An alternative to feeling entitled is that we can just as easily come to see ourselves as indispensable.  Especially when we view ourselves as providing a service for others, we can easily be seduced into thinking that our continuation in that role is so important that change is simply out of the question.  Nine years ago, when I learned that I needed what would later prove to be the first of two open-heart surgeries, my first reaction was almost dismissive.  After all, I had well over two dozen therapy appointments scheduled for that week.  What would all these people do without me?  There was no way I could take time out for surgery.  There simply had to be a mistake!  Naturally, there was no mistake, and I did have the surgery.  I learned later, to my chagrin, that all the people I was scheduled to see had somehow found a way to get help without me.  Life had just kept going. 

In a larger sense, we can all see our frame of reference changing.  At a constantly accelerating rate, we witness changes in attitudes, demographics, politics, technology, fashion, entertainment, and many other areas.  And each generation laments the passing of its traditions and customs.  For as these things pass, we each lose a portion of the sense of predictability we have about life and our place in it.  In some form, each of us gets almost daily reminders that life as we have known and understood it is slipping away.

In the 1960s renowned psychologist Carl Rogers noted that the more we resist our situation and what it represents to us, the more we become rooted in it.  Conversely, he observed that as soon as we accept who and where we are, we begin to move and to grow and to become more than what we were.  I think there is a useful parallel here.  We invite a great deal of self-imposed misery when we try to resist or prevent change, in essence trying to control the uncontrollable.  Instead of fighting against the flow of life’s river, if we can find ways to flow with it and generally let it carry us along, we can put our energies to more productive use.  We will be better positioned to see new opportunities that had not previously entered our thinking.  We will have fewer predispositions to hamper our perceptions and restrict our potential actions.  And, most of all, we will be much better able to continue learning — about life and about ourselves. 

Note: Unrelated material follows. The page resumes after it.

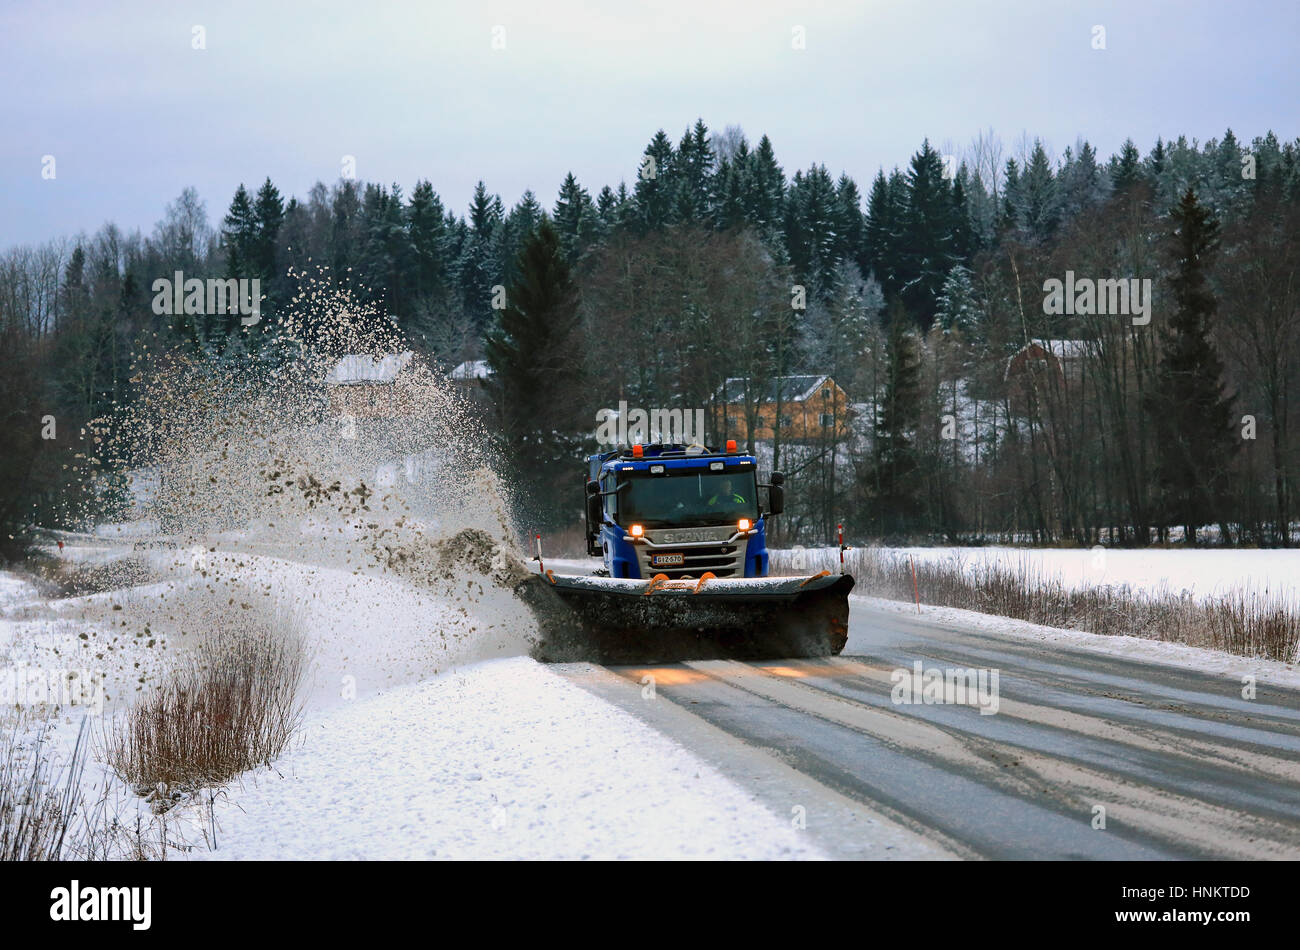 SALO, FINLAND - JANUARY 14: Scania truck equipped with snowplow removes snow and sleet from highway in South of Finland on a cloudy day in winter. Stock Photo

For myself, I’m frequently guided by the old expression, “It’s easier to ride the horse in the direction that he’s going.”  So I try to remain mindful of the nature of change and look for opportunities in it.  Nevertheless, I still haven’t quite come to terms with hand-held technology, with “reality” entertainment, or with electronic “social networking.”  And I’m afraid it’s true, I may never be able to accept the Designated Hitter.